When I leave Taiwan, what hould I ather not take home with me?

aak,

your ugly avatar. that thing gives me the creeps.

oh, and evidently your keyboard

jm

Come on, seriously what should I leave?

Erm… your elephant rectum stimulator and your automatic snowshoes?
Hell should I know? What do you have?

Your virginity, definitely leave that behind.

HG

OK, let me rephrase it. What should one rather not take home from Taiwan?

Actually, I’ll take your elephant rectum stimulator. Nurse Ratchett’s been looking a bit peaky recently.

Aye, it’s true!

HG

You need to list what you have, what you want to keep and why. It’s kind of hard to tell you what you should leave. Normally, the advice is anything large or heavy, unless really valuable and you’re willing/able to pay for shipping. If you look at the Forumosafieds, they are full of expat moving home sales.

if you’ve got one, you could leave a bottle of jameson’s 12 year old which i would be happy to come collect.

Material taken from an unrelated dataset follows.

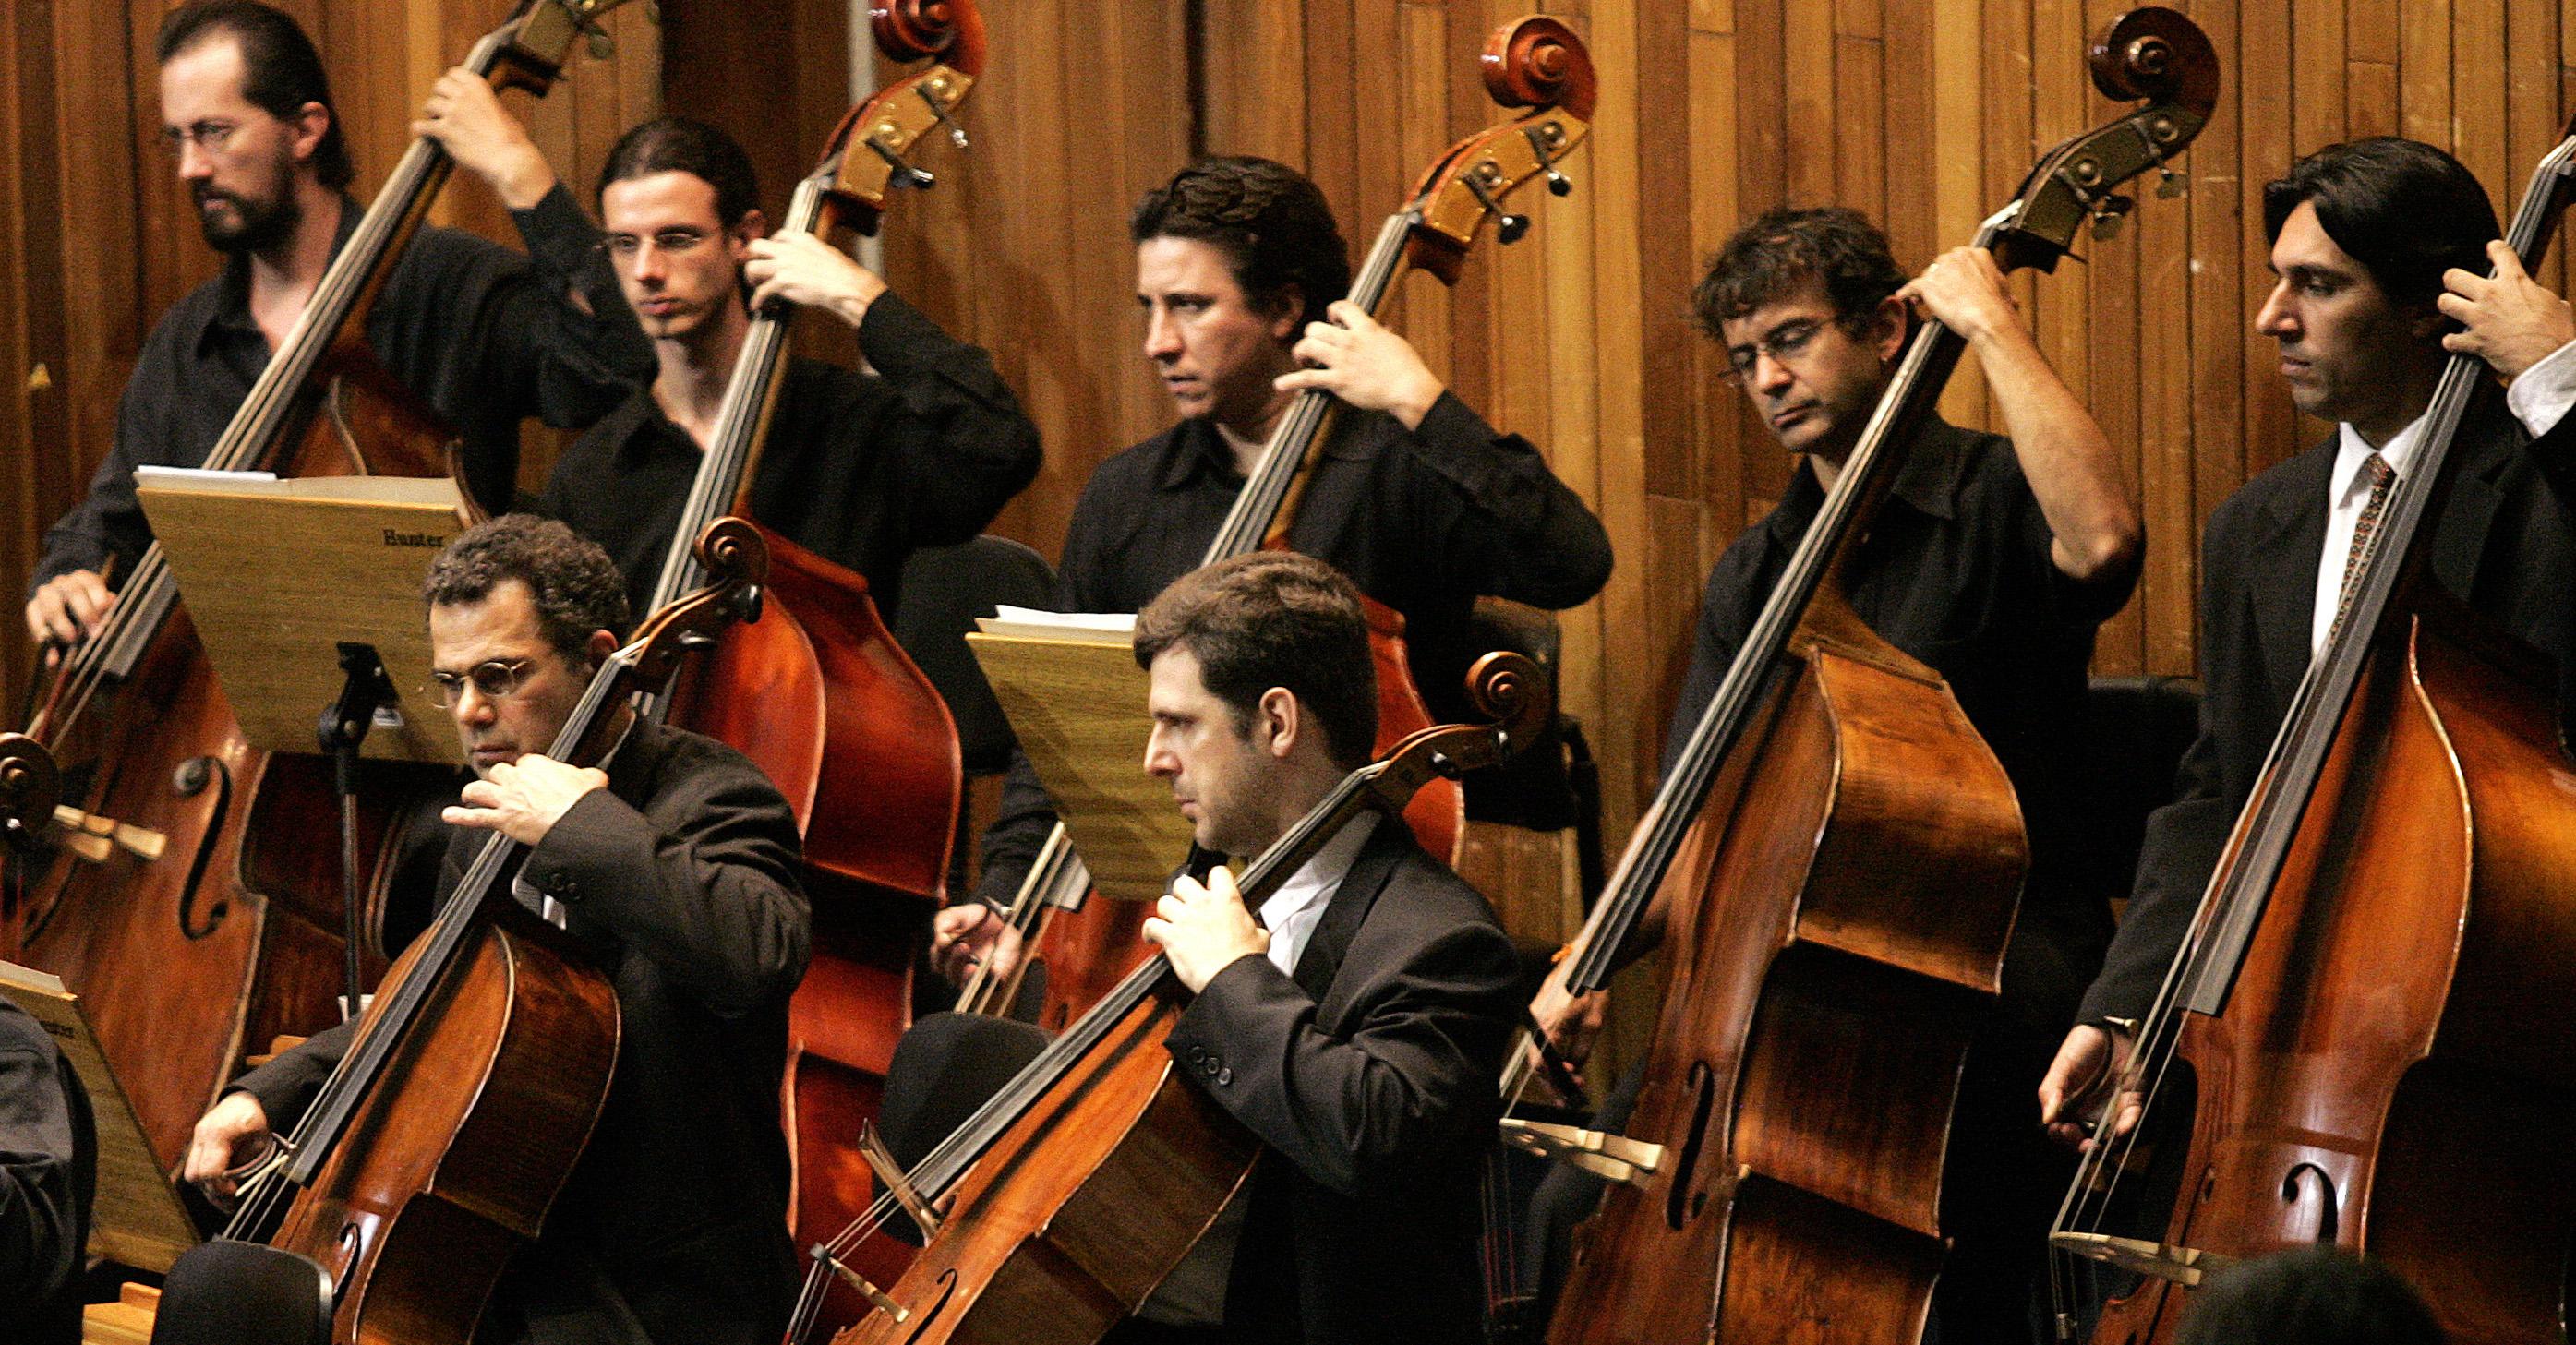 Apresentacao orquestra sinfonica sp

(this has to bear fruit sooner or later).

Your bank card and pin number.
Your extra large condoms, for the shoveller.
Any dvd’s and books we’d like watching. Do you have ‘wedding crashers?’
Your girlfriend.

But take your toenails or sandman will be round to eat them. (Orkney fudge lover.)

Your boss

Because life is more important than money. That is the ONLY reason any foreigner ever stays in Taiwan long. Unless they fuck up and get a wife, that is.

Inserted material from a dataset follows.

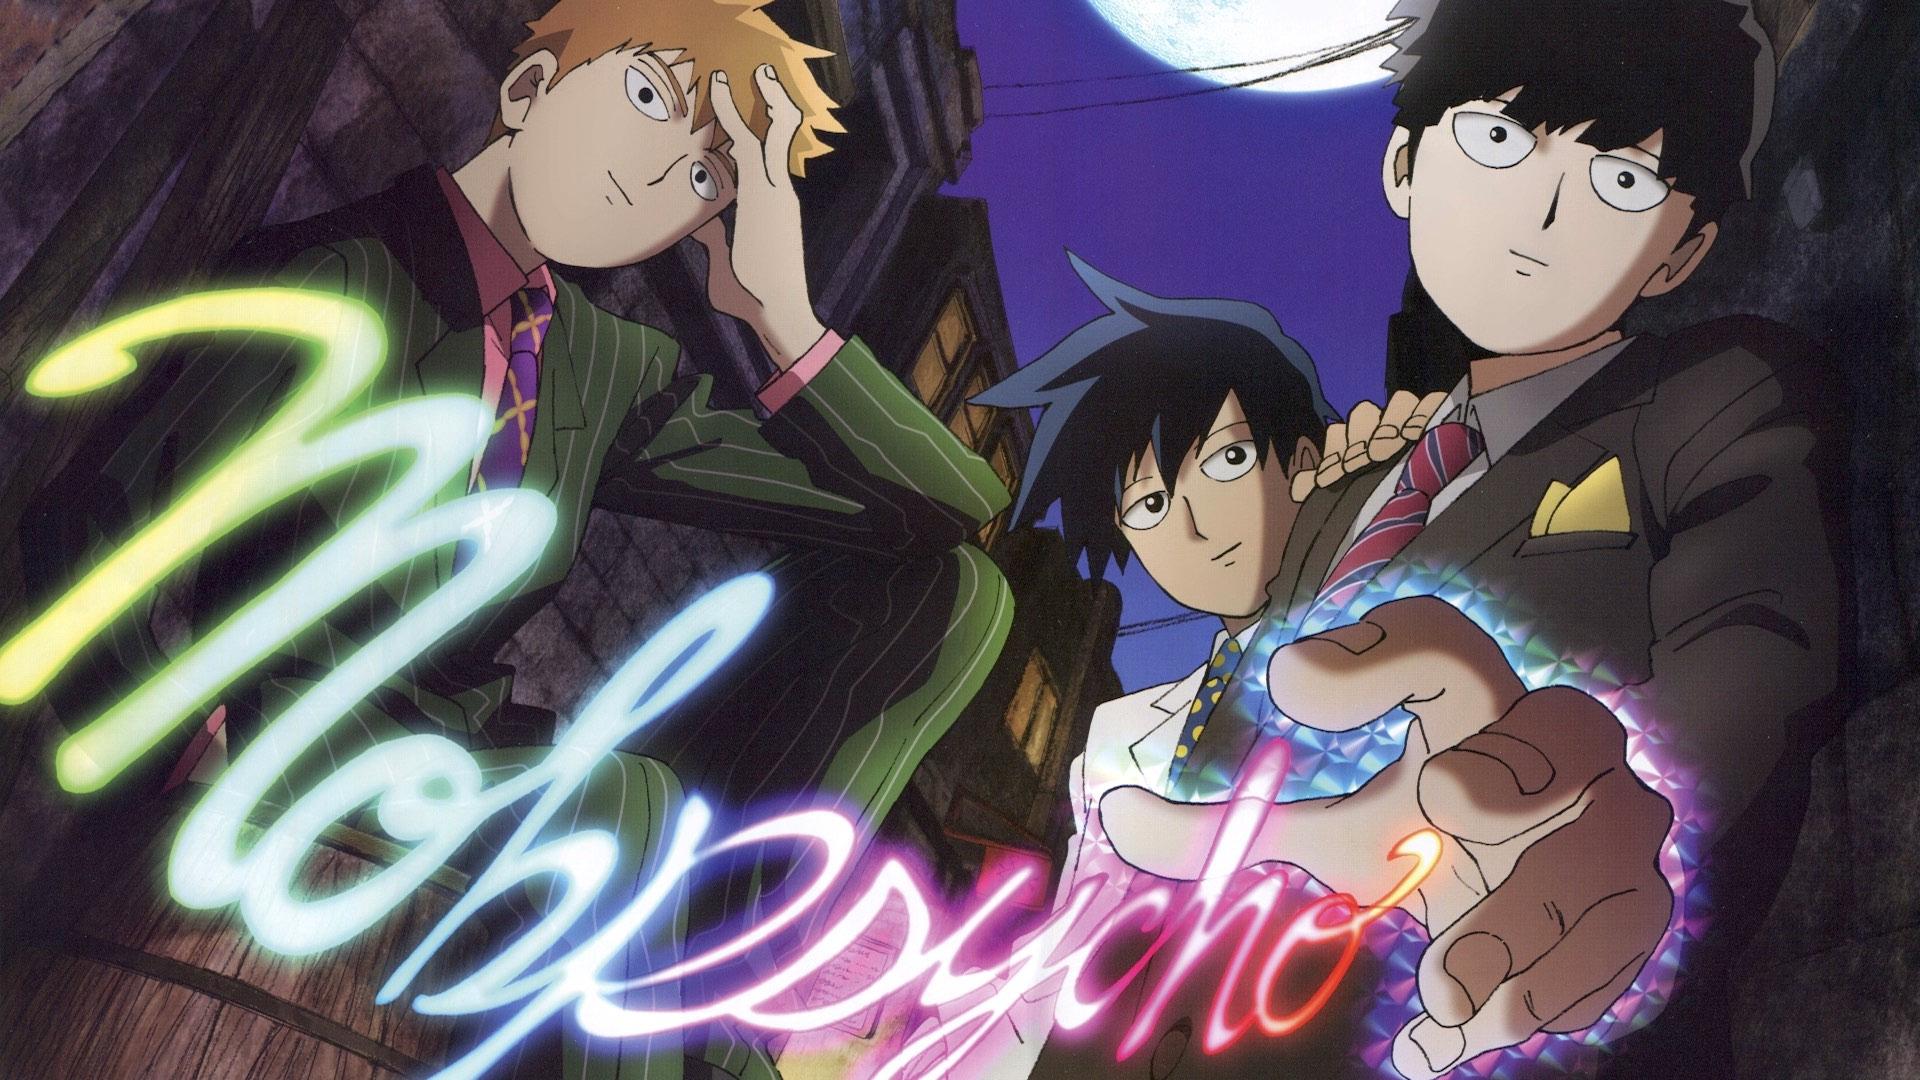 Anime Mob Psycho 100

But what do I know, I’m just white trash. I don’t have that many choices.

leave your girlfriends here… you will get plenty of them @ home.

[quote=“mod lang”]Because life is more important than money. That is the ONLY reason any foreigner ever stays in Taiwan long. Unless they fuck up and get a wife, that is.

But what do I know, I’m just white trash. I don’t have that many choices.[/quote]

Thats WHAT should I leave, not WHY should I leave… tard.

Don’t be a prick – you’re going to make people think I’m a mank. You know perfectly well I don’t eat people’s toenails. I just suck and chew on them till there’s no taste left. Of course I don’t swallow. That would be disgusting!

I’ve grown attached to my Ten-$-Store stuff. I could easily fill a huge bag with my best plastic 700cc cups. What should I do?